The company is now in a full-blown crisis, leading many experts to look at how it got into this mess in the first place. And one message is coming across loud and clear: Toyota has been too arrogant.
"For too long there has been a sort of arrogant air at Toyota," said Jean Jennings of Automobile Magazine (video below). "'We can sell all the cars, our cars are reliable, we can sell every one of them.' They don't need PR, and now they do."
Toyota's poor attitude is evident in the way it's handling this mess. Just look at the news conference the company called in Japan to explain the recall. Its president, Akio Toyoda (pictured), didn't even show up.
We're talking 8.1 million vehicles worldwide affected by the recall, and the president doesn't take this head on?
In fact, the only executive there was one in charge of quality and control, according to the Guardian.

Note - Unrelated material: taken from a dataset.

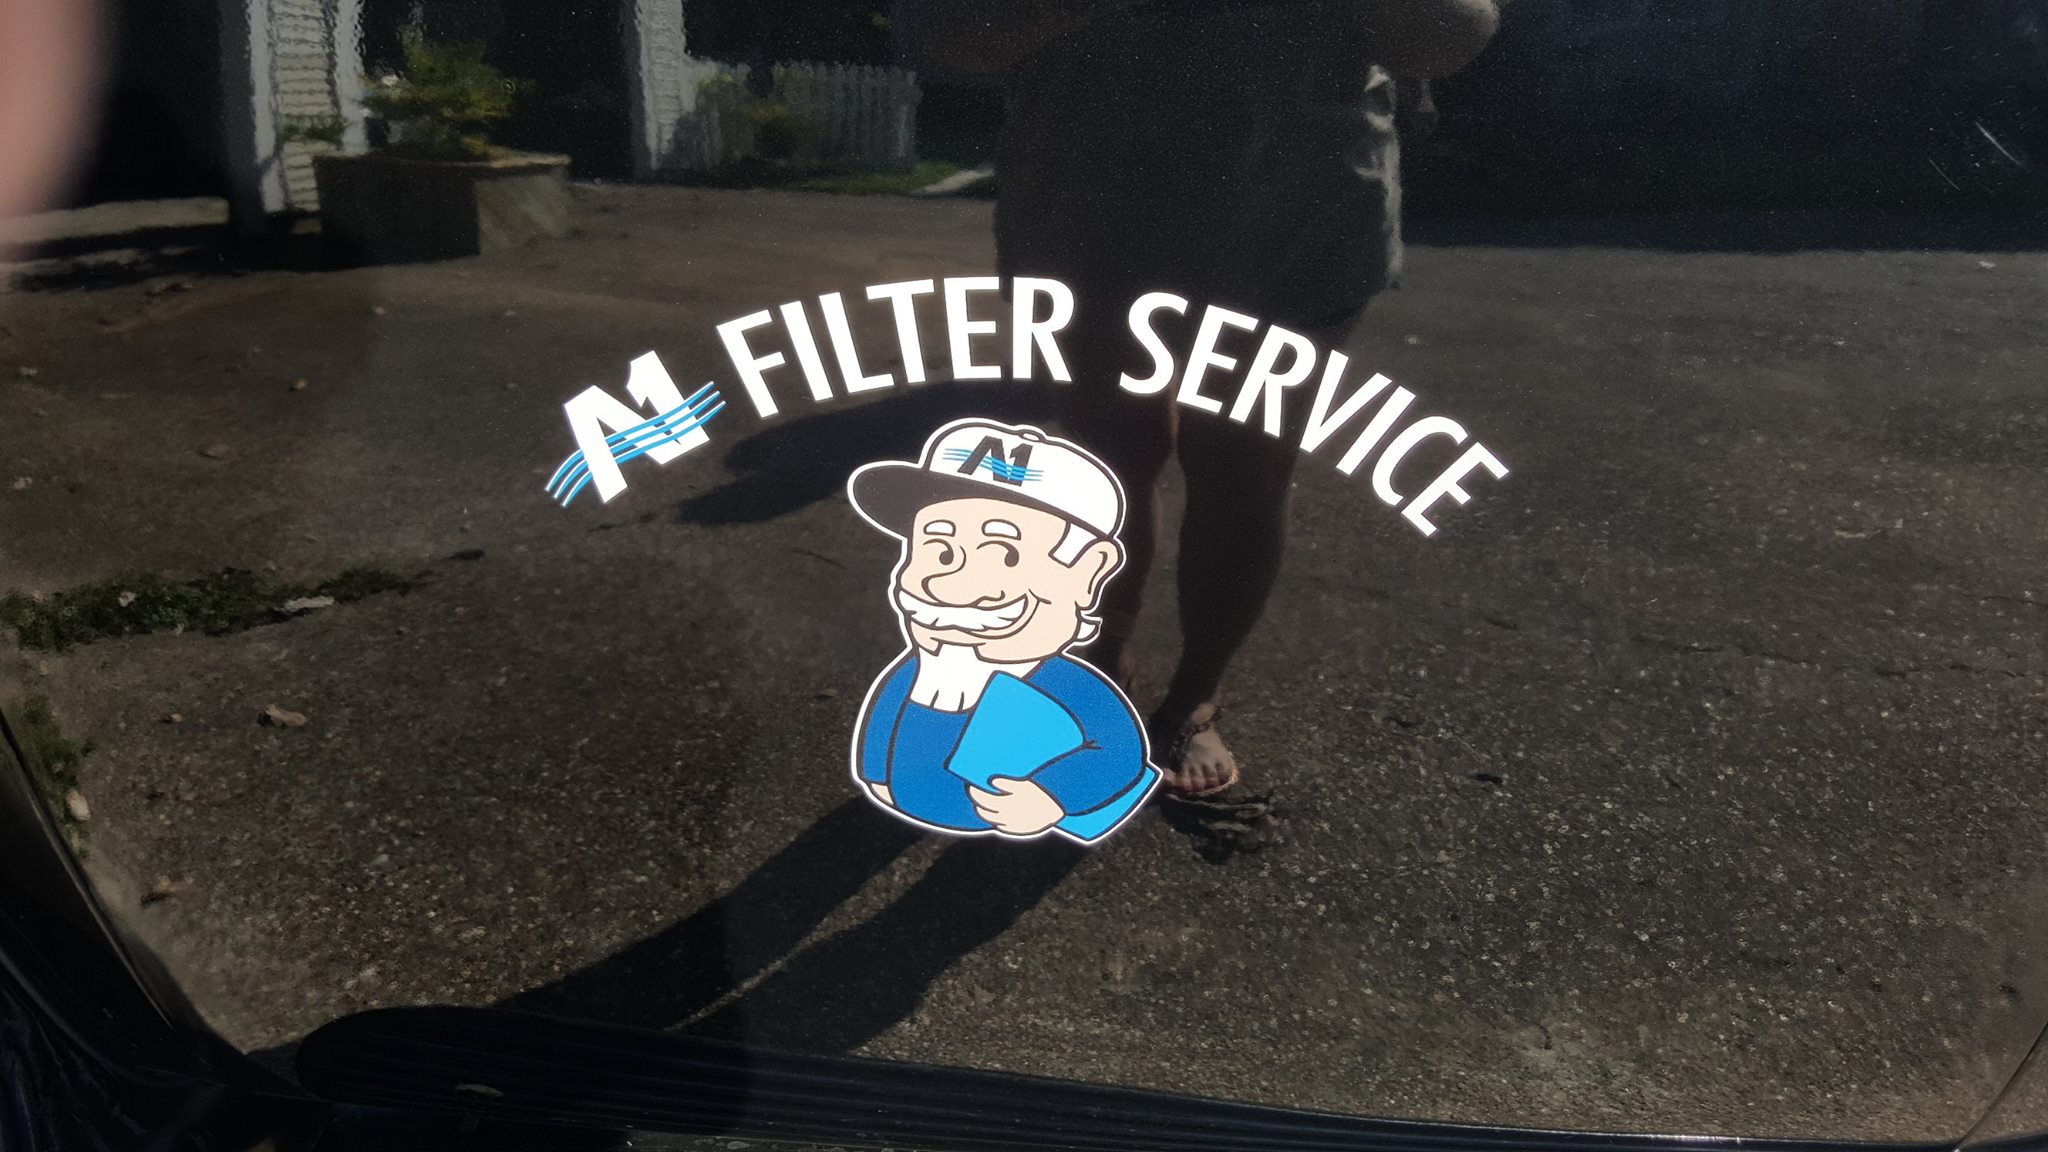 commercial AC filter Beaumont TX, commercial AC Filter SETX, commercial AC filters Houston, metal frame AC filters Houston, AC filter Service Baytown, Commercial AC filters Baytown TX

Industry watchers tell the newspaper that Toyota could have avoided much of the anxiety and extra costs surrounding the recall if its president had come out immediately with a mea culpa.
"I've never seen Toyota like this," one researcher told the Guardian. "Until recently, they had a culture of reacting swiftly to problems. But the impression I get now is that [its PR operation] is not functioning very properly."
Motor Trend's Todd Lassa agreed that Toyota is bungling its message. It blamed floor mats, it blamed throttle pedals, and then it blamed an American supplier, CTS of Indiana, which said it made the part to Toyota's specifications, Lassa wrote.
"Blaming the supplier does, indeed, seem like passing the buck," Lassa wrote. "And in any case, all cars and trucks are assembled with parts from many suppliers. To try and transfer the blame is cheap and disingenuous."
Later, Lassa wrote, some Japanese Toyota employees blamed Americans working in Toyota factories. This would never happen in a Japanese factory, they told Public Radio International.
Hoo boy. If we keep seeing this from Toyota, then it deserves all the bad fallout it's getting.